Esas No: 2012/4.MD-265
Karar No: 2012/246
Yargıtay Ceza Genel Kurulu 2012/4.MD-265 Esas 2012/246 Karar Sayılı İlamı
- GÖREVİ KÖTÜYE KULLANMA SUÇU
- BAKANLIKLAR VE BAĞLI KURULUŞLARDA ATAMA USULÜNE İLİŞKİN KANUN (2451) Madde 2
- TÜRK CEZA KANUNU (TCK) (5237) Madde 257
"İçtihat Metni"
Görevi kötüye kullanma suçundan sanık Necat’ın beraatına ilişkin, ilk derece mahkemesi sıfatıyla yargılama yapan Yargıtay 4. Ceza Dairesince verilen 15.12.2011 gün ve 24-22 sayılı hüküm katılan vekili tarafından temyiz edilmiştir.

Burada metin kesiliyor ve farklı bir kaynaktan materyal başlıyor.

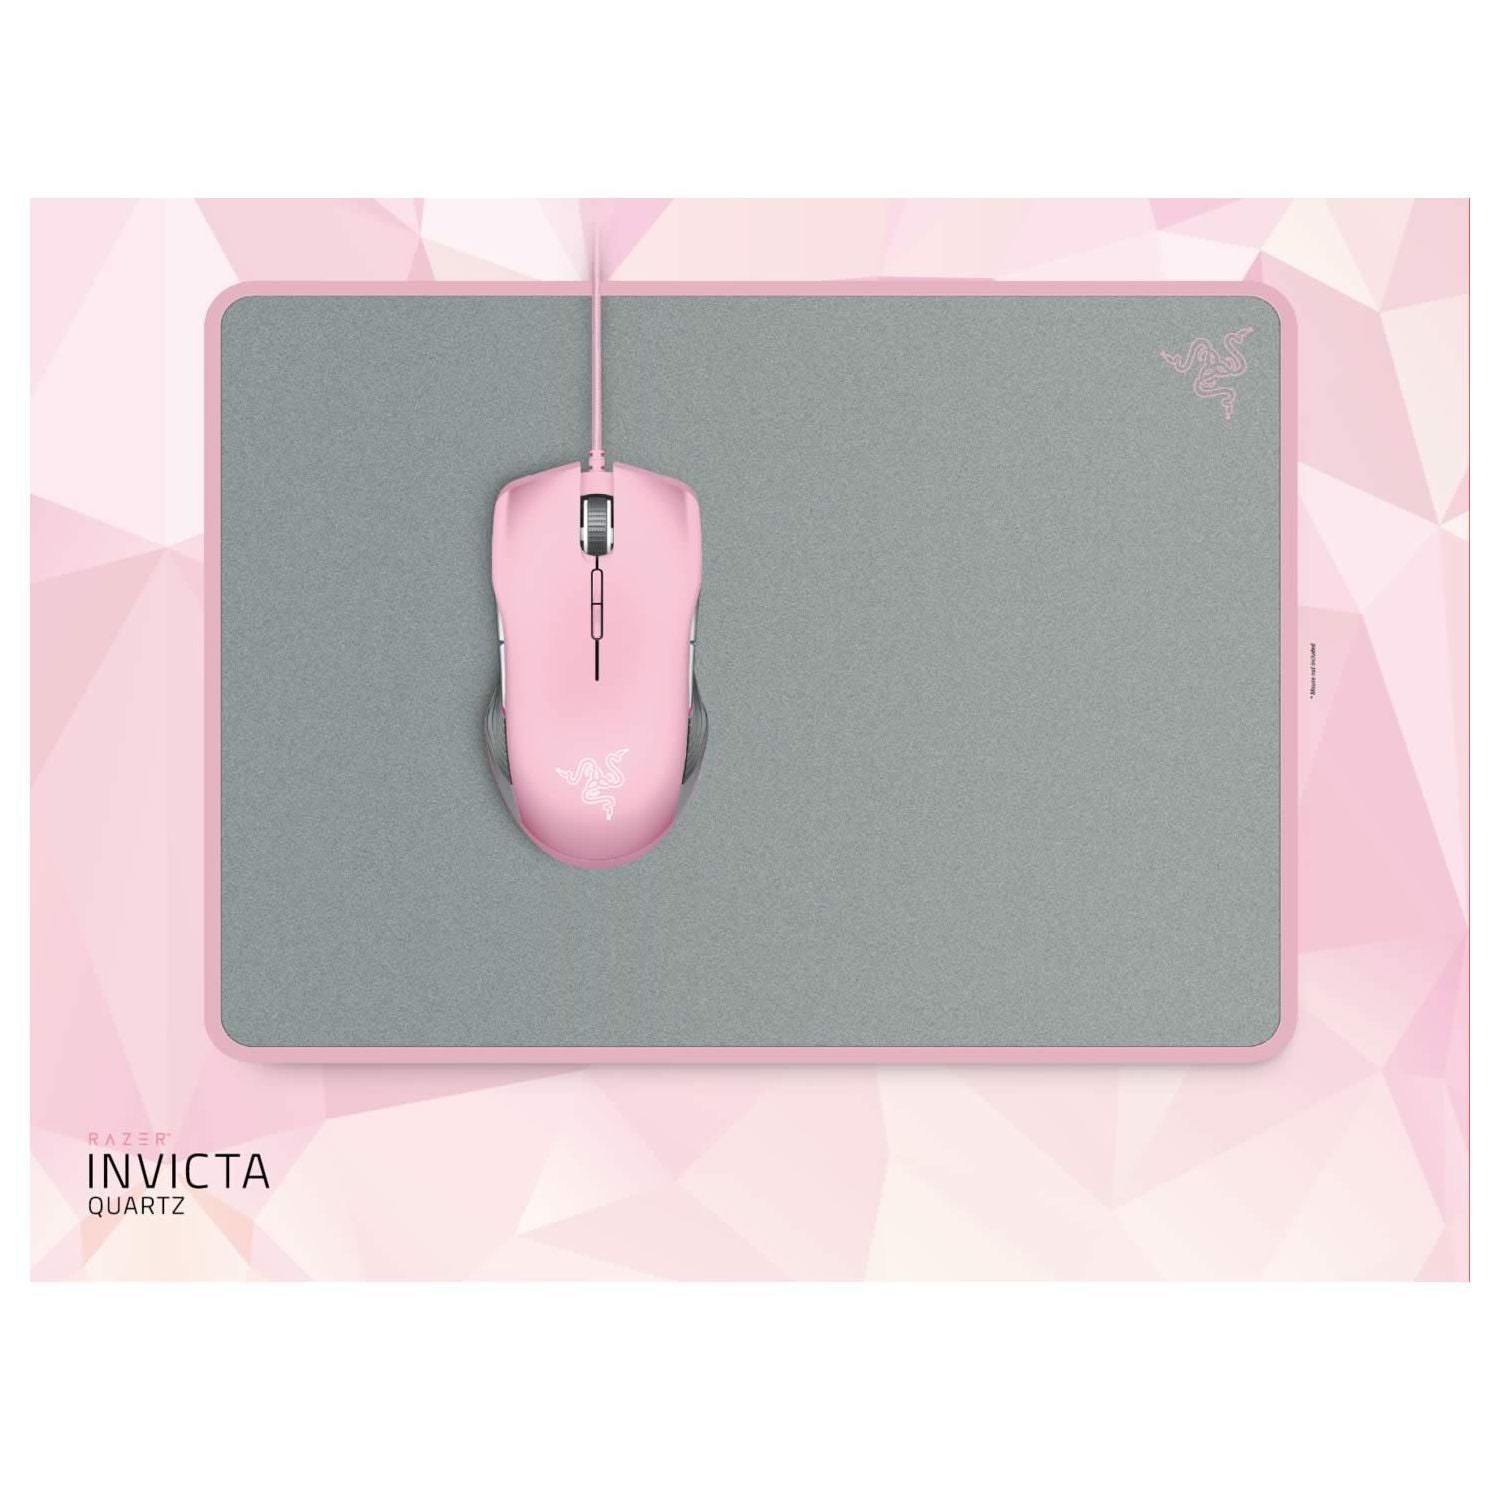 Razer Invicta Gaming Mouse Mat Quartz Edition

Yargıtay Cumhuriyet Başsavcılığının 06.02.2012 gün ve 124 sayılı “onama” istemli tebliğnamesiyle Yargıtay Birinci Başkanlığına gönderilen dosya, Ceza Genel Kurulunca değerlendirilmiş ve açıklanan gerekçelerle karara bağlanmıştır.
TÜRK MİLLETİ ADINA
CEZA GENEL KURULU KARARI
Sanığın, görevi kötüye kullanma suçundan beraatına karar verilen somut olayda, Yargıtay Ceza Genel Kurulunca çözümlenmesi gereken uyuşmazlık, suç tarihinde Milli Eğitim Bakanlığı müsteşarı olan sanığın görevi kötüye kullanma suçunu işleyip, işlemediğinin belirlenmesine ilişkindir.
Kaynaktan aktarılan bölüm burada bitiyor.